While there is no great difficulty in determining the equivalent parts of the epidermis in these two groups, it still remains an open question in which of them the epiblast retains its primitive condition.

Though it is not easy to bring conclusive proofs on the one side or the other, the balance of argument appears to me to be decidedly in favour of regarding the condition of the epiblast in the larger group as primitive, and its condition in the smaller group as secondary, and due to the throwing back of the differentiation of the epiblast to a very early period of development.

In favour of this view may be urged (1) the fact that the simple condition is retained in Amphioxus through life. (2) The correlation in Amphibia, and the other forms belonging to this group, between a closed auditory pit and the early division of the epiblast into two strata; there being no doubt that the auditory pit was at first permanently open, a condition of the epiblast which necessitates its never having an external opening must clearly be secondary. (3) It appears more likely that a particular genetic feature should be thrown back in development, than that such an important feature, as a distinction between two primary layers, should be absolutely lost during an early period of development, and then reappear in later stages.

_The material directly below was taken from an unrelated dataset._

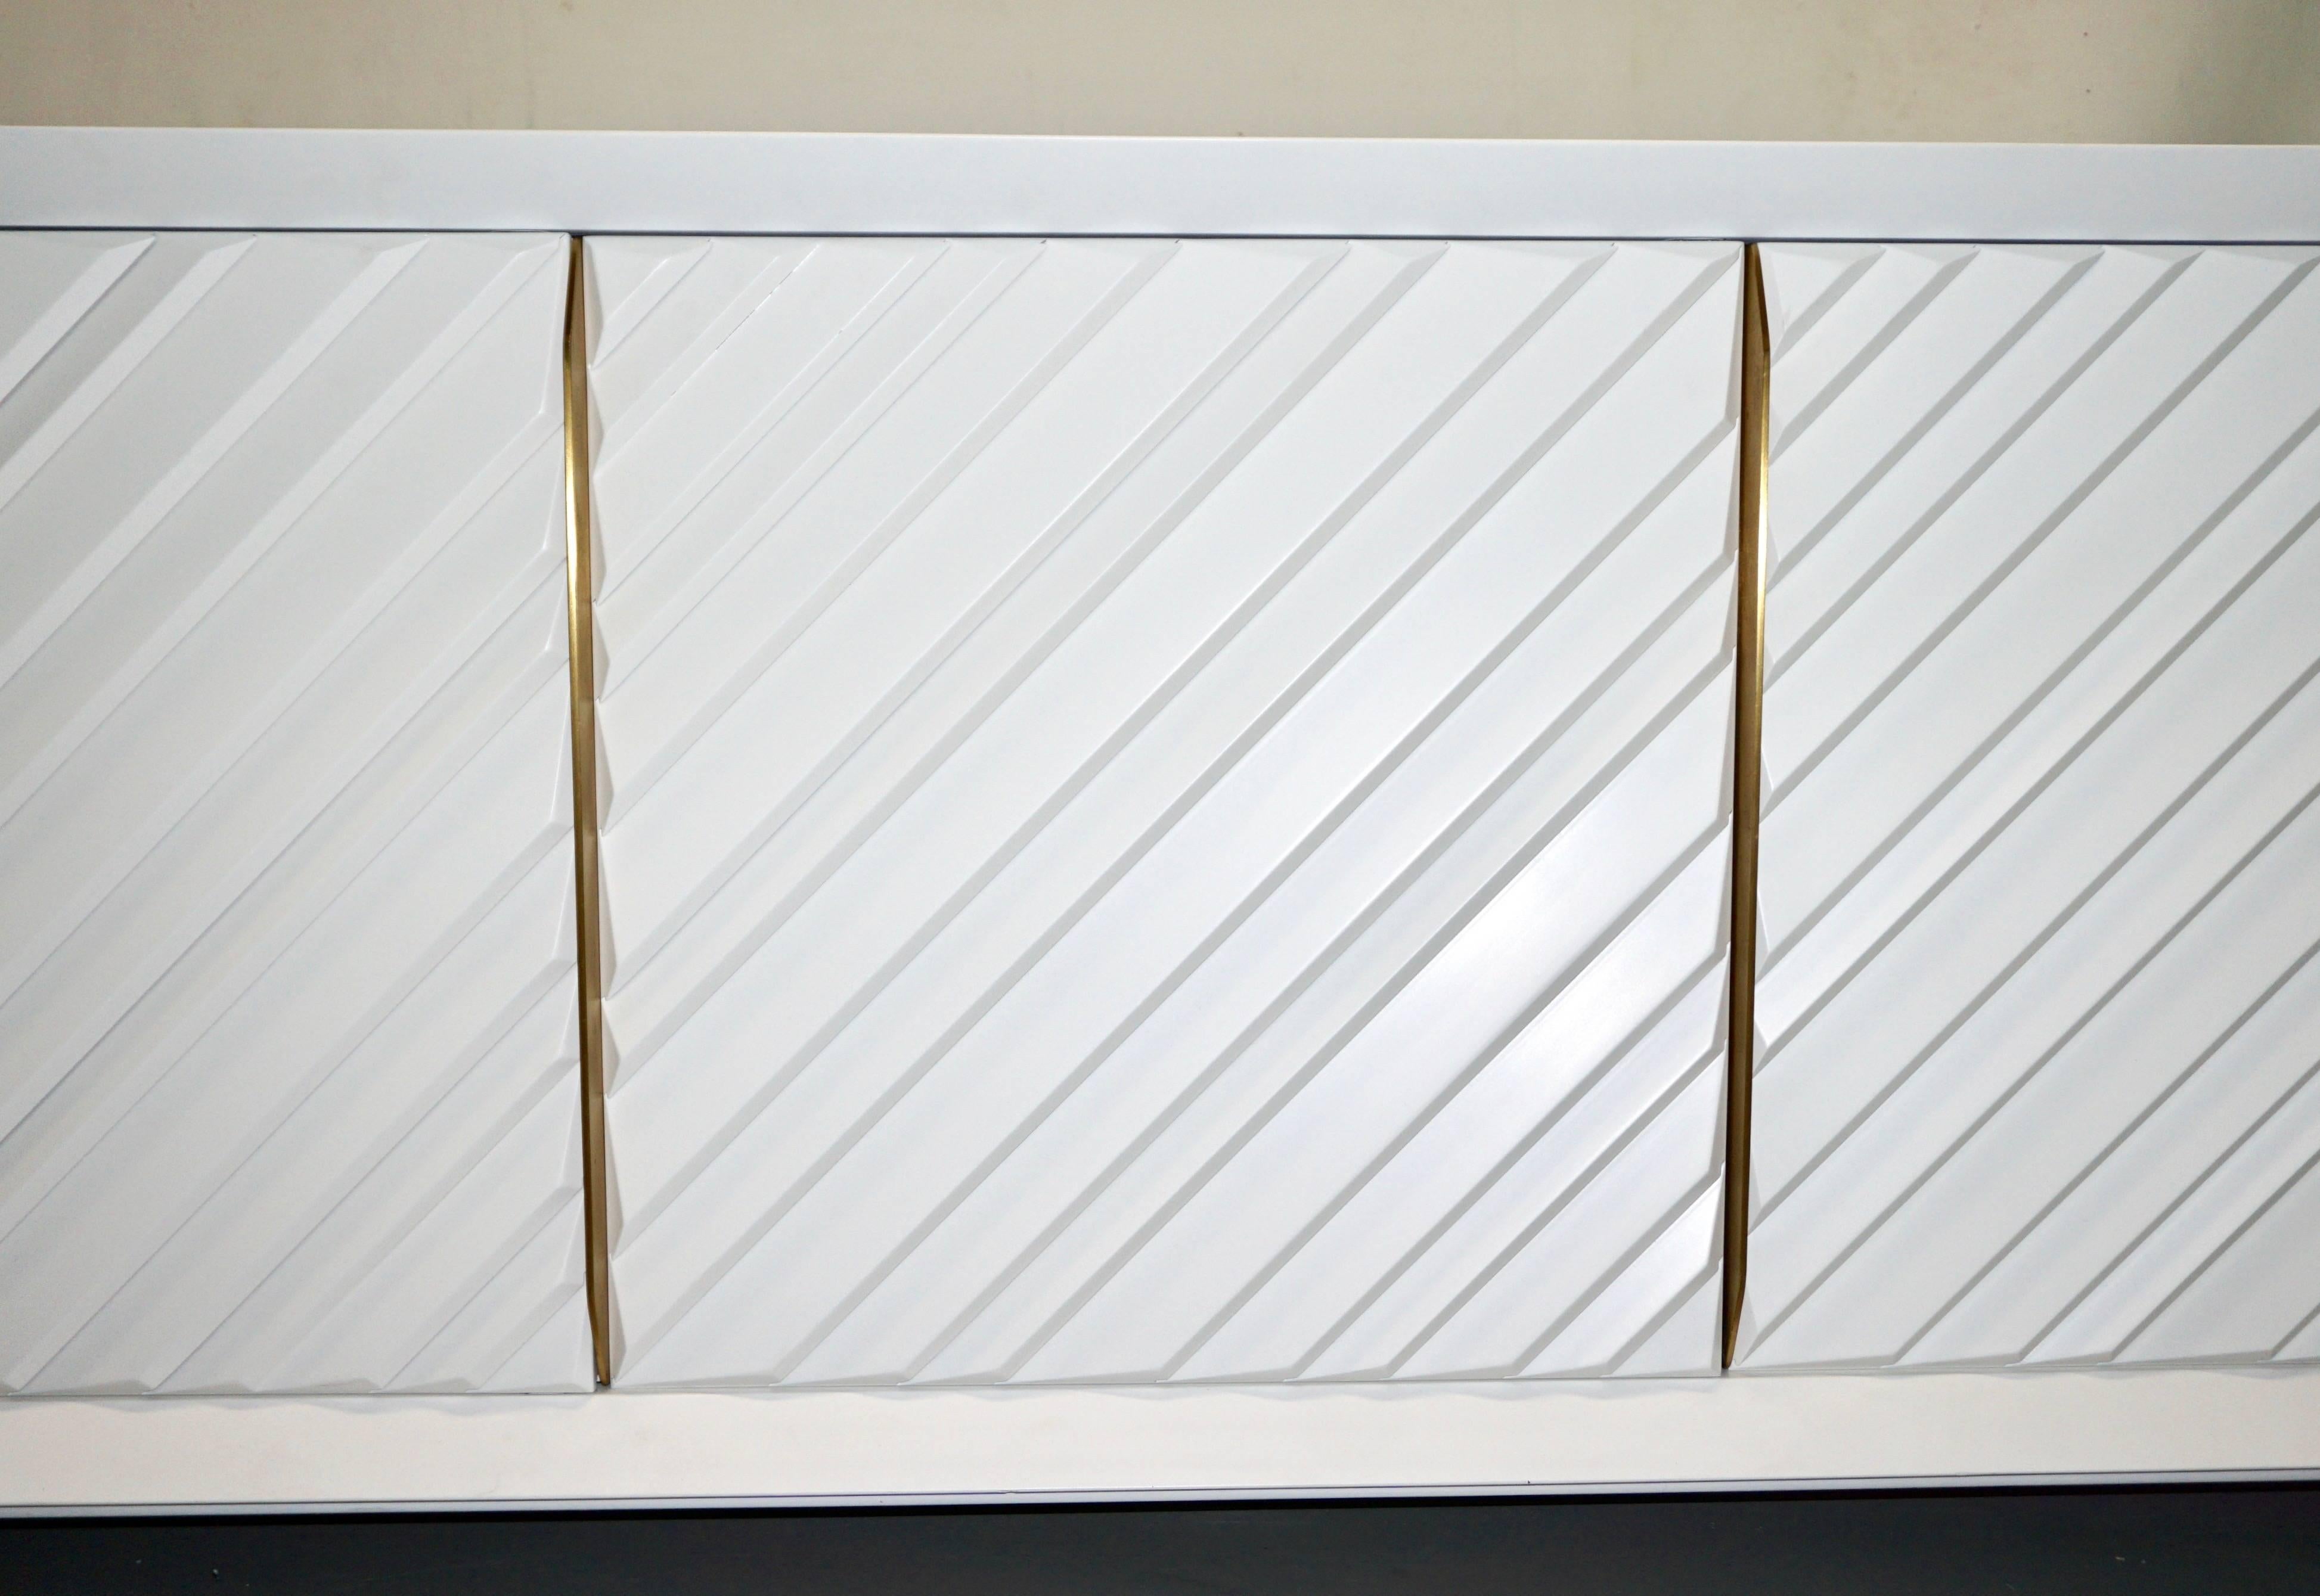 Brass Frigerio 1970s Italian White Lacquered Carved Wood Credenza or Dresser

The fact of the epiblast of the neural canal being divided, like the remainder of the layer, into nervous and epidermic parts, cannot, I think, be used as an argument in favour of the opposite view to that here maintained. It seems probable that the central canal of the nervous system arose phylogenetically as an involution from the exterior, and that the epidermis lining it is merely part of the original epidermis, which has retained its primitive structure as a simple stratum, but is naturally distinguishable from the nervous structures adjacent to it.

Where the epiblast is divided at an early period into two strata, the nervous stratum is always the active one, and takes the main share in forming all the organs derived from the layer.

Formation of the central nervous system. In all Chordata an axial strip of the dorsal epiblast, extending from the lip of the blastopore to the anterior extremity of the head, and known as the medullary plate, becomes isolated from the remainder of the layer to give rise to the central nervous axis.

According to the manner in which this takes place, three types may, however, be distinguished. In Amphioxus the axial strip becomes first detached from the adjoining epiblast, which then meets and forms a continuous layer above it ([fig. 190] A and B np). The sides of the medullary plate, which is thus shut off from the surface, bend over and meet so as to convert the plate into a canal ([fig. 190] C nc). In the second and ordinary type the sides of the medullary plate fold over and meet so as to form a canal before the plate becomes isolated from the external epiblast.

Fig. 190. Sections of an Amphioxus embryo at three stages. (After Kowalevsky.)
A. Section at gastrula stage.
B. Section of an embryo slightly younger than that represented in fig. 169 D.
C. Section through the anterior part of an embryo at the stage represented in fig. 169 E.
np. neural plate; nc. neural canal; mes. archenteron in A and B, and mesenteron in C; ch. notochord; so. mesoblastic somite.